The one flaw with regional cost of living adjusted minimum wage is that it discourages people from the most efficient economic migration patterns.
Why optimize purely for economic efficiency though? I'd consider allowing people to keep living where they grew up a good thing in and of itself. What you're suggesting is actually incredibly neoliberal: Something as fundamental as a person's surroundings, their family, their friends, all that should be subjugated to market forces.
+100000000
We've created cities no one can afford to live in, but that's where all the jobs are. Hence, urban sprawl and people having two-hour commutes (because fuck mass transit, right?). Oh, the rich can afford to live there in their mixed-use condos where they don't even need a car anymore. Meanwhile their housekeeper has to live a country or two away and spend a fifth of her paycheck on gas.
I'm suggesting that that is a self-fulfilling prophecy.
It's the same as paying half of people's rent is "nice" in the short term but just means in the long term that the market adds however much the government is willing to subsidize rents to the price. Sure, in that situation you can argue "oh no don't take away the rent subsidies" and of course ... nobody wants that, so it won't happen. But in the long term it's a major driver of rent prices. The total market price will rise by the exact amount that the government pays in subsidies.

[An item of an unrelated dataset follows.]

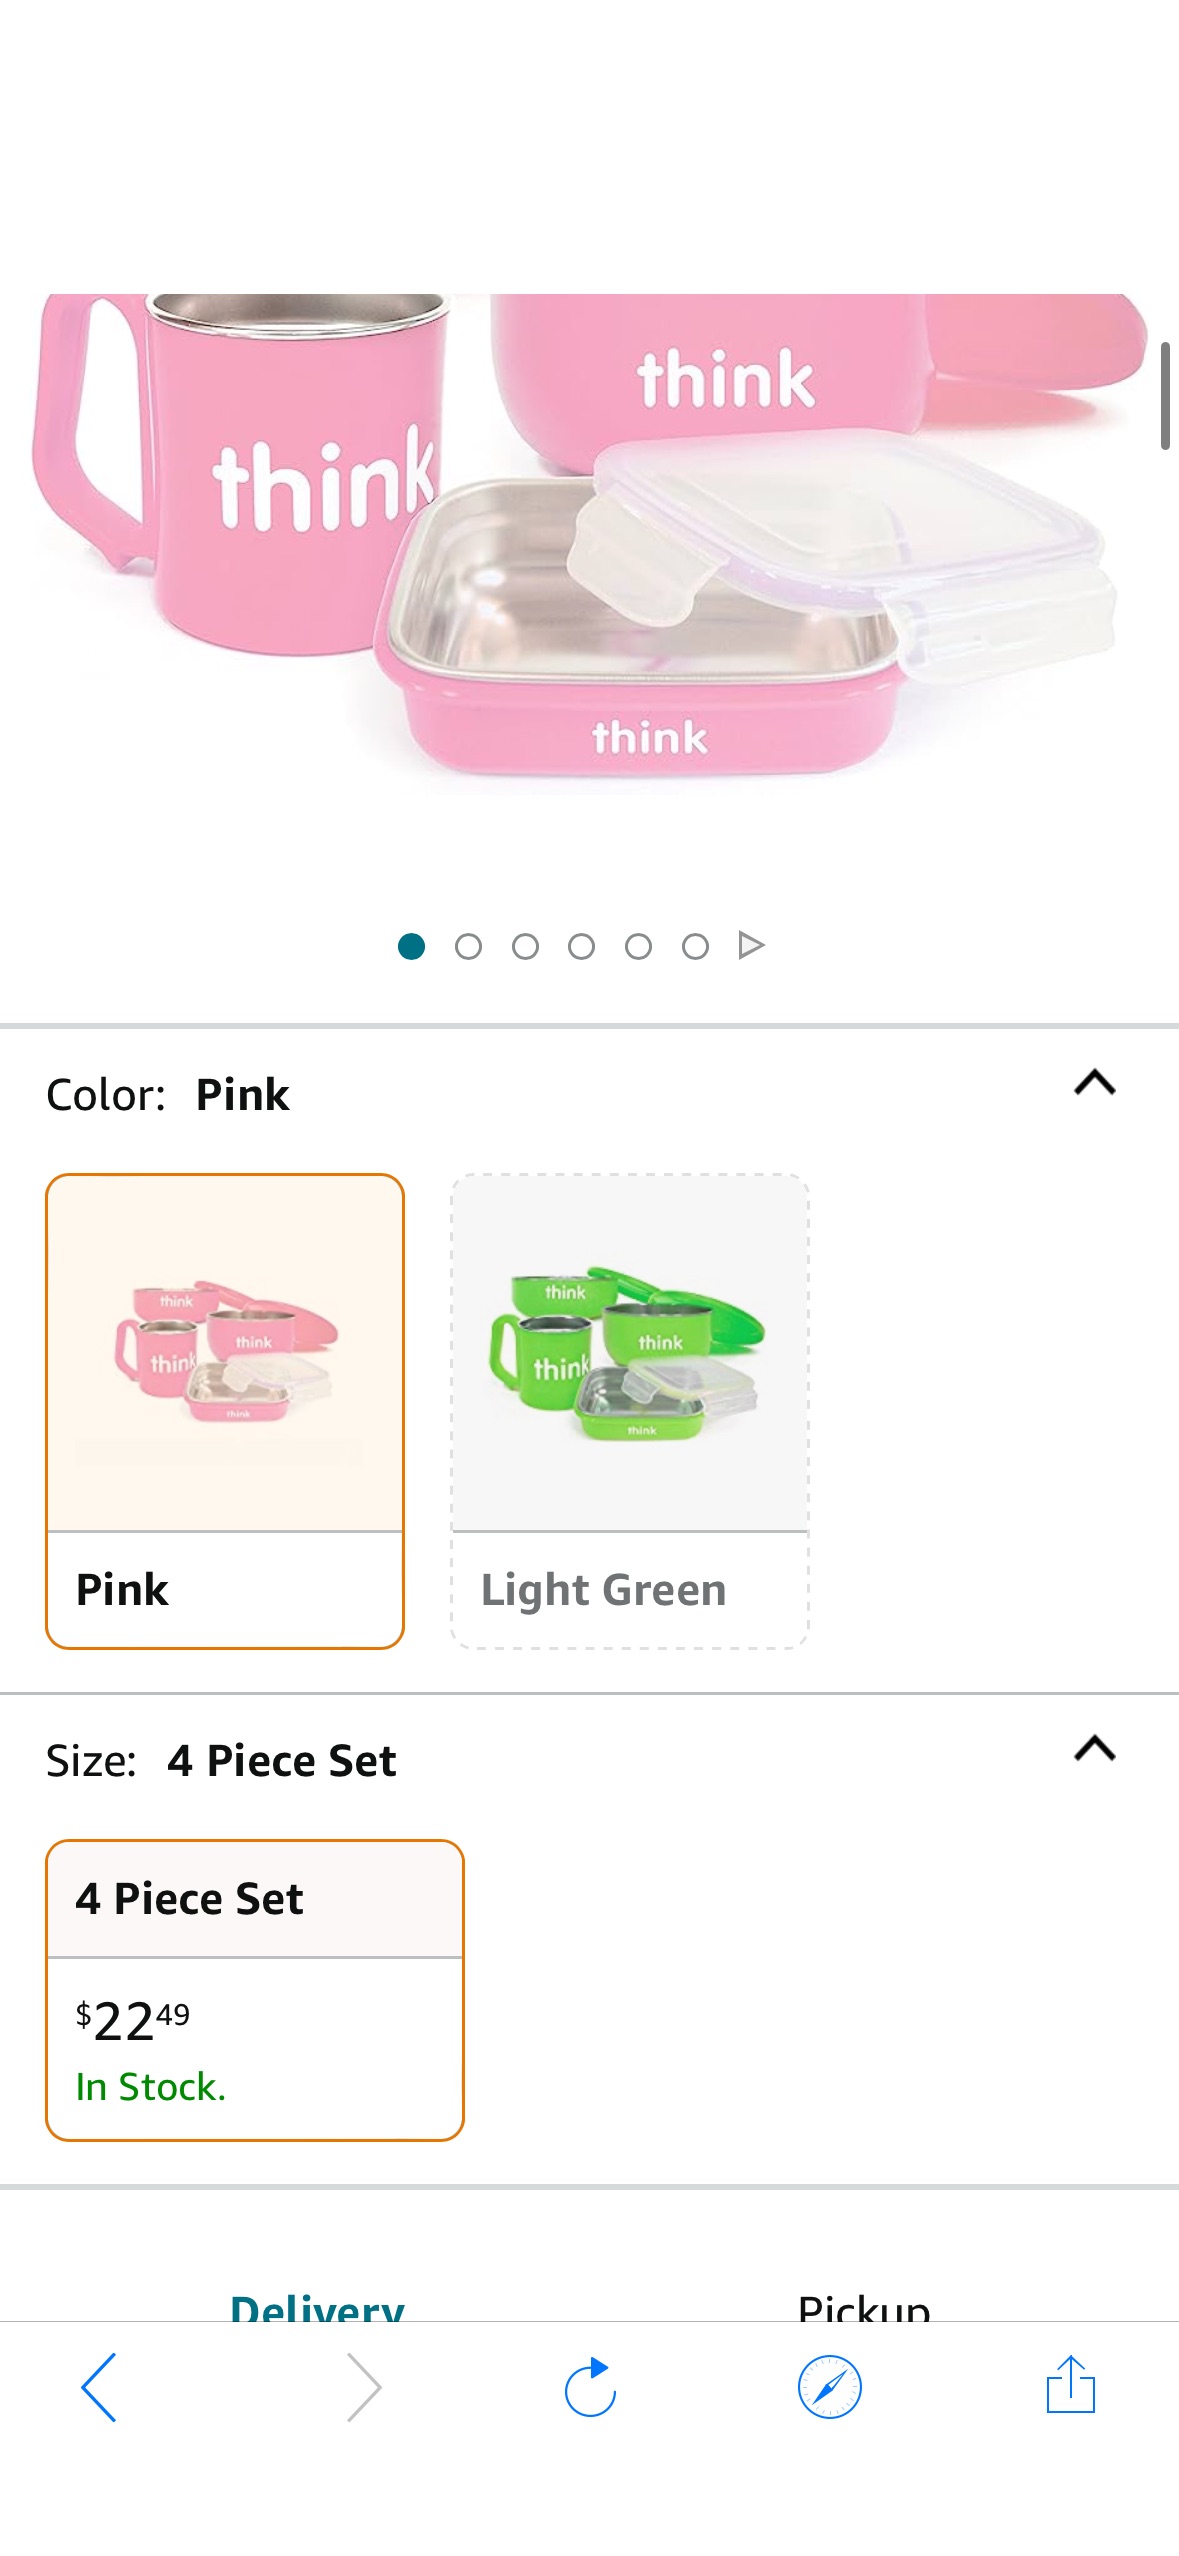 Amazon.com : Thinkbaby Complete BPA Free Feeding Set (Pink) : Baby Dinnerware Sets : Baby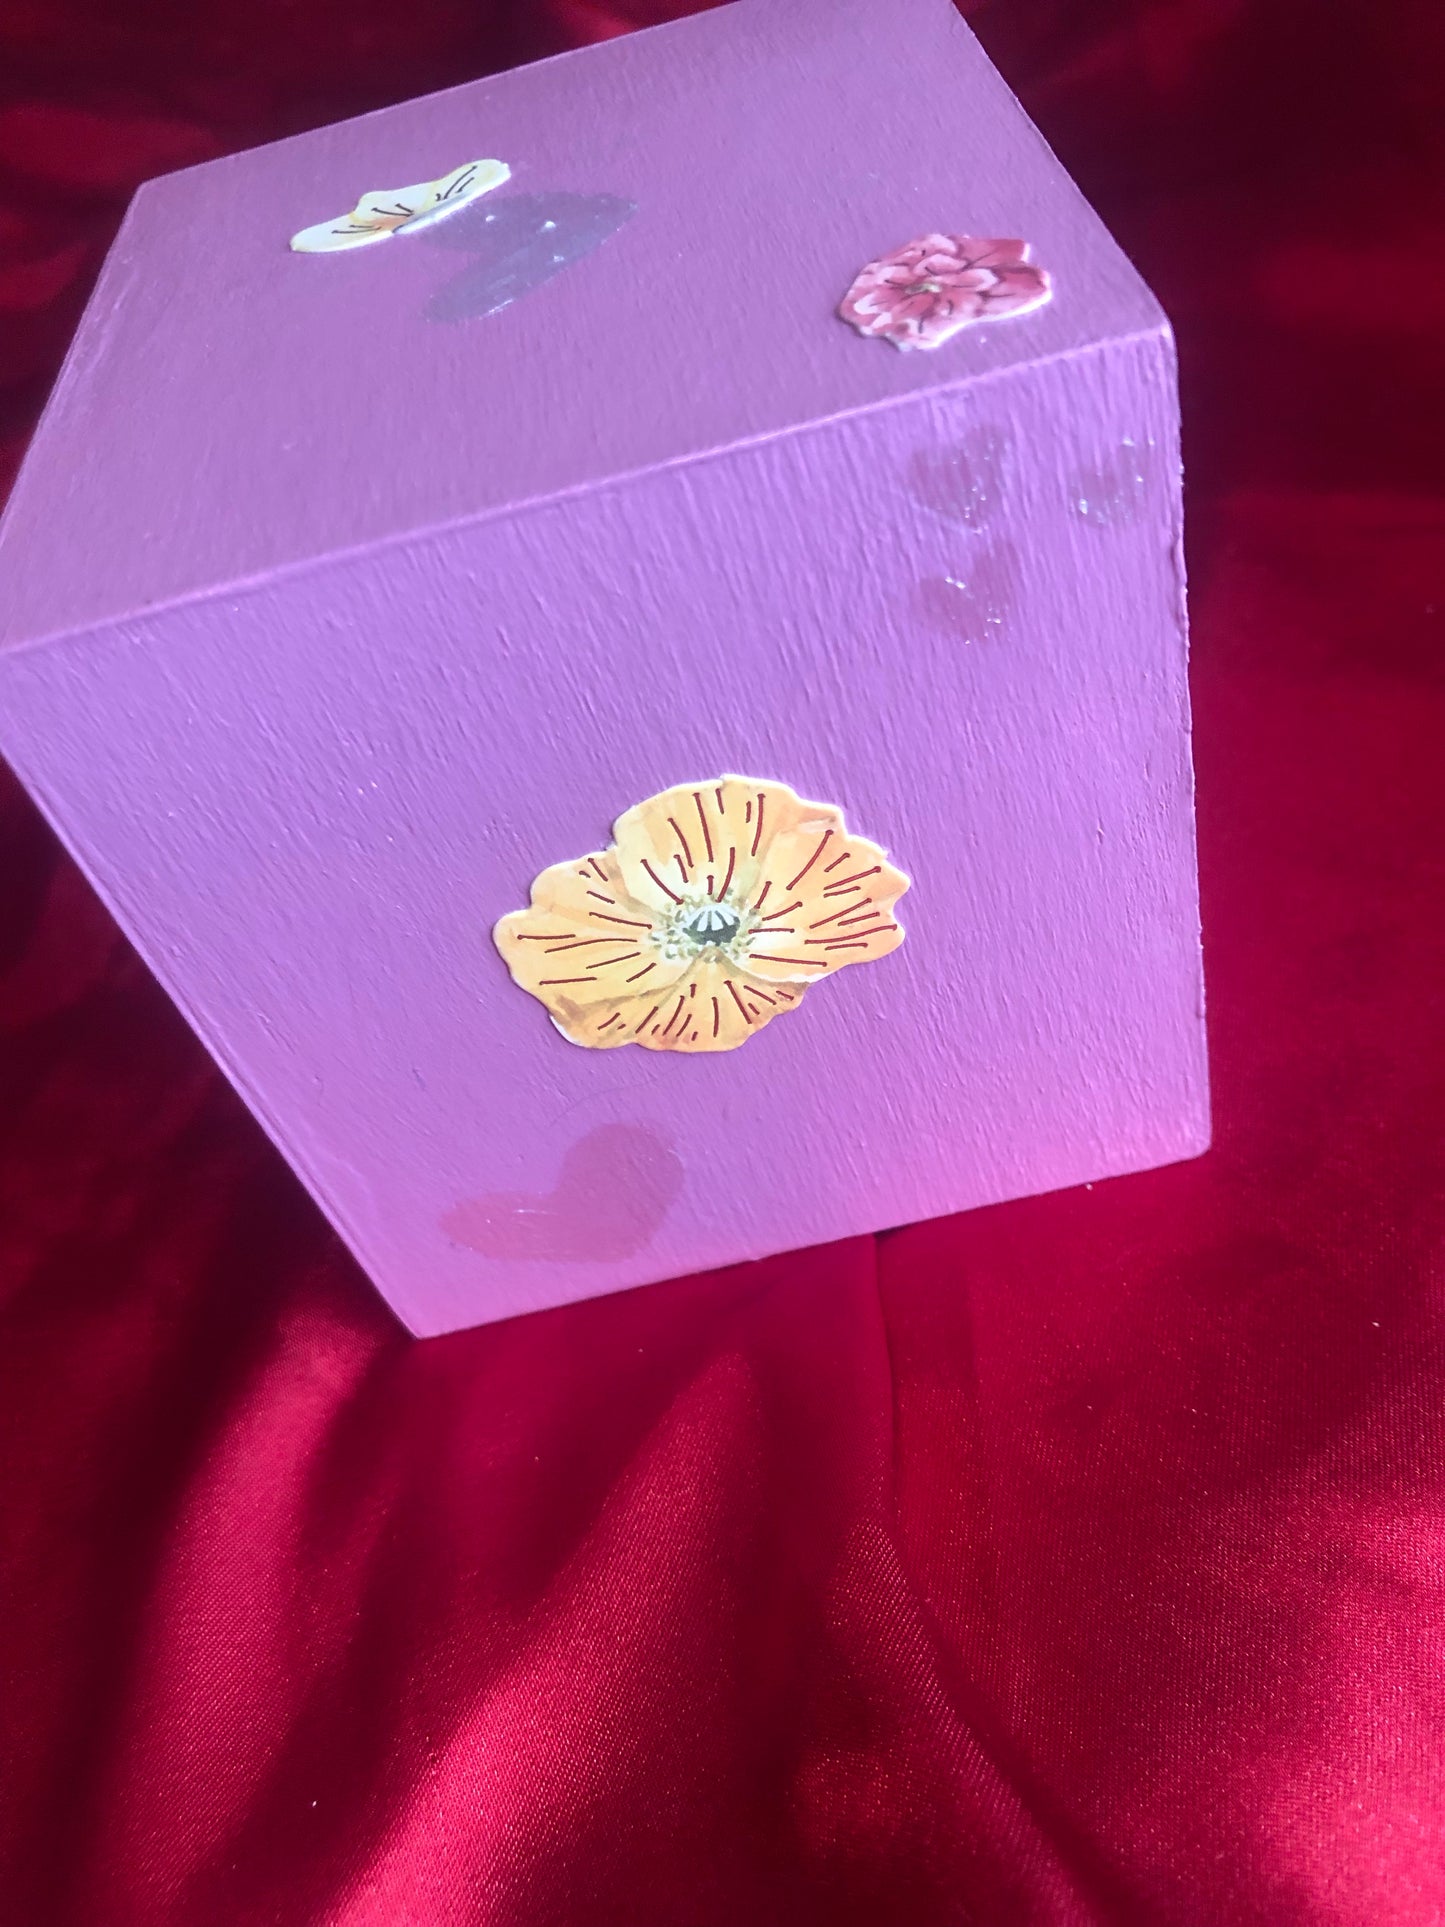 Sweethearts Box

For the minimum wage thing I was actually arguing that allowing poor states to undercut federal minimum wage because they're poor is a
driver of the region staying poor. Because with low wages, the money doesn't stay in the economy.
Also, the added minimum wage won't even be a major driver of business costs. It'll
still be way cheaper to set up a factory in Alabama if they have to pay federal minimum wage instead of $2 an hour less or whatever. It just means more money stays in the local economy. And
that might mean in the long run that people might not
have to go to the city to get those good jobs.